Do you know any way to do this? Thanks!
• Jan 22nd 2008, 12:13 PM
earboth
Hello,

maybe this reply http://www.mathhelpforum.com/math-help/94284-post2.html helps a little bit further.
• Jan 22nd 2008, 12:19 PM
johny
Quote:

Originally Posted by earboth
Hello,

maybe this reply http://www.mathhelpforum.com/math-help/94284-post2.html helps a little bit further.

It doesn't :)

I could do the bottom brace that way, but there would still be a problem with the inner one.

Also, I could put all the stuff above the inner brace into an array and then put the brace under this array, and the whole thing would be in a bigger array with the second brace under itself, but one problem still remains - the +'s in the bottom line (which is outside the inner array, but inside the outer one) would not be aligned with the +'s in the inner array (which they are out of).
• Jan 25th 2008, 05:38 AM
Krizalid

$\displaystyle \begin{split} &= 2^{k-2} \\ & \quad + 2^{k-3} + 2^{k-3} \\ & \quad+ 2^{k-4} + 2^{k-4} + 2^{k-4} \\ &\quad \quad \vdots \\ & \quad + \underbrace{2^1 + 2^1 + \cdots + 2^1}_{k-2} \\ & \quad + \underbrace{2^0 + 2^0 + \cdots + 2^0 + 2^0}_{k-1}. \end{split}$

¿?
• Jan 25th 2008, 05:39 PM
JaneBennet
$\displaystyle \begin{array}{ccl} = & {} & 2^{k-2}\\ {} & + & 2^{k-3}\ +\ 2^{k-3}\\ {} & + & 2^{k-4}\ +\ 2^{k-4}\ +\ 2^{k-4}\\ {} & {} & \vdots\\ {} & + & \underbrace{2^1\quad\;+\ 2^1\quad\;+\ \ldots\ +\ 2^1}_{k-2}\\\\ {} & + & \underbrace{2^0\quad\;+\ 2^0\quad\;+\ \ldots\ +\ 2^0\ +\ 2^0}_{k-1} \end{array}$
• Jan 25th 2008, 11:34 PM
johny
Quote:

Originally Posted by Krizalid

$\displaystyle \begin{split} &= 2^{k-2} \\ & \quad + 2^{k-3} + 2^{k-3} \\ & \quad+ 2^{k-4} + 2^{k-4} + 2^{k-4} \\ &\quad \quad \vdots \\ & \quad + \underbrace{2^1 + 2^1 + \cdots + 2^1}_{k-2} \\ & \quad + \underbrace{2^0 + 2^0 + \cdots + 2^0 + 2^0}_{k-1}. \end{split}$

¿?

Thanks, but it doesn't keep the vertical alignment of +'s, so not exactly what I needed.

Quote:

Originally Posted by JaneBennet
$\displaystyle \begin{array}{ccl} = & {} & 2^{k-2}\\ {} & + & 2^{k-3}\ +\ 2^{k-3}\\ {} & + & 2^{k-4}\ +\ 2^{k-4}\ +\ 2^{k-4}\\ {} & {} & \vdots\\ {} & + & \underbrace{2^1\quad\;+\ 2^1\quad\;+\ \ldots\ +\ 2^1}_{k-2}\\\\ {} & + & \underbrace{2^0\quad\;+\ 2^0\quad\;+\ \ldots\ +\ 2^0\ +\ 2^0}_{k-1} \end{array}$

Thanks, this looks pretty much like what I needed - but as I understand it, you just approximated the spaces to keep the alignment, so if I add/change something, I would have to approximate and change the spaces in all rows, so it is kind of unpractical if I want to use it more often.

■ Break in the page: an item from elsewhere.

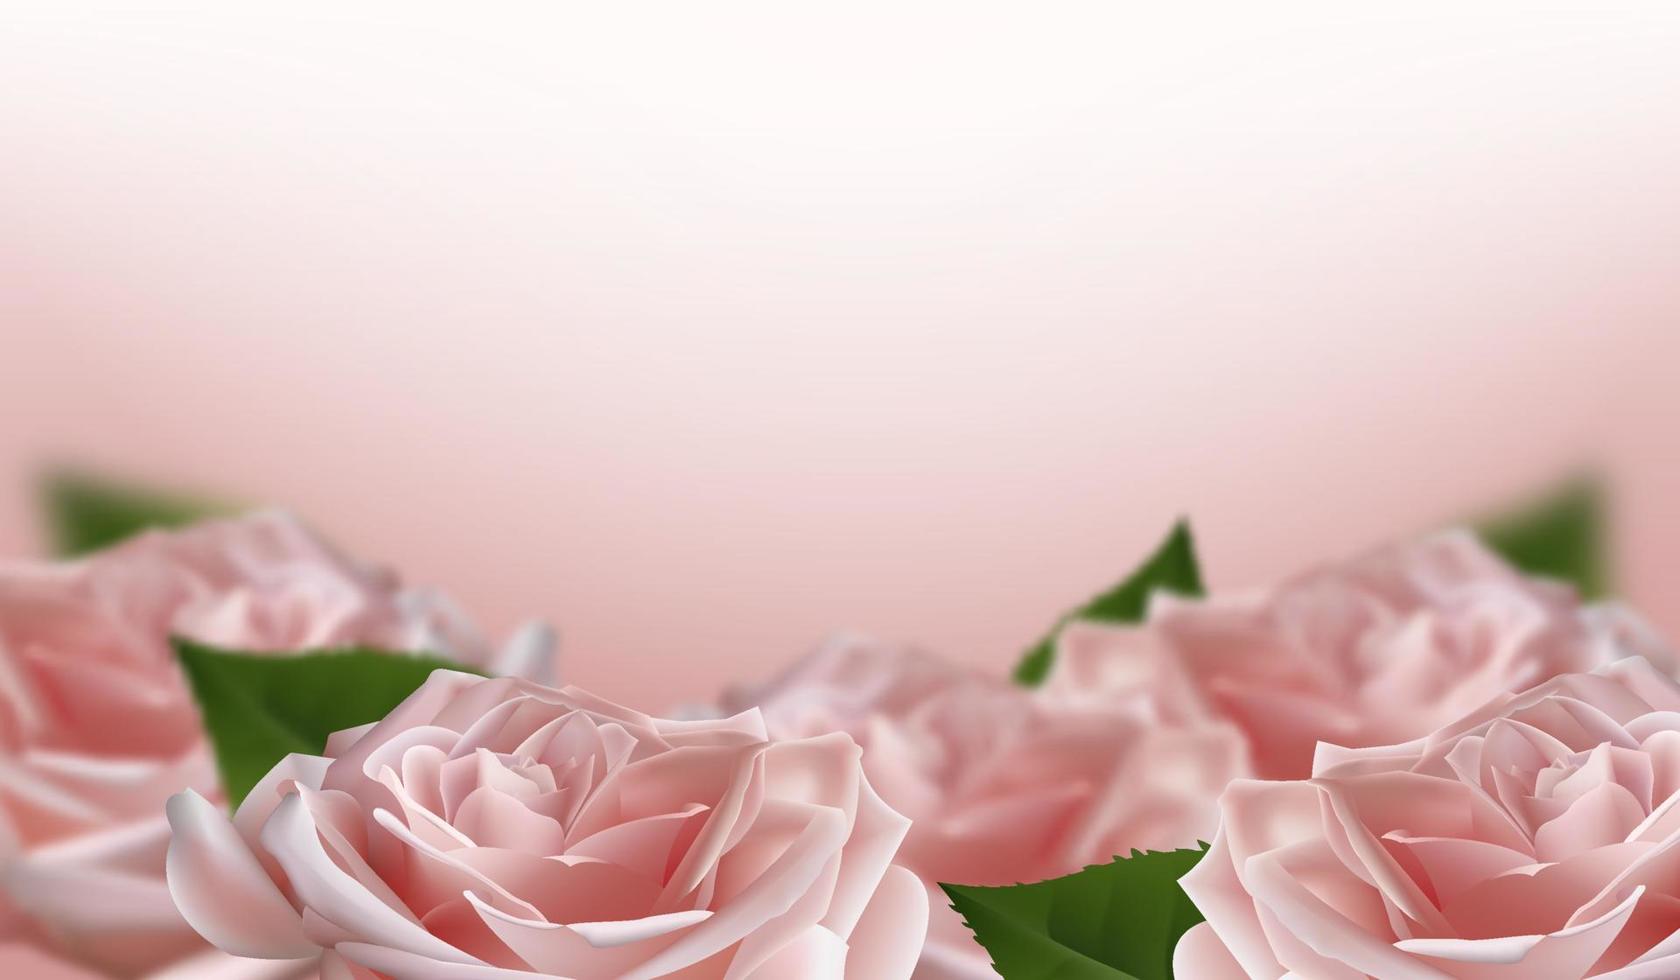 flores rosas 3d rosa realistas sobre fundo branco. ilustração vetorial vetor

Also, I think the alignment is not 100% precise.
• Jan 28th 2008, 11:36 AM
Opalg
Quote:

Originally Posted by johny
Thanks, this looks pretty much like what I needed - but as I understand it, you just approximated the spaces to keep the alignment, so if I add/change something, I would have to approximate and change the spaces in all rows, so it is kind of unpractical if I want to use it more often. Also, I think the alignment is not 100% precise.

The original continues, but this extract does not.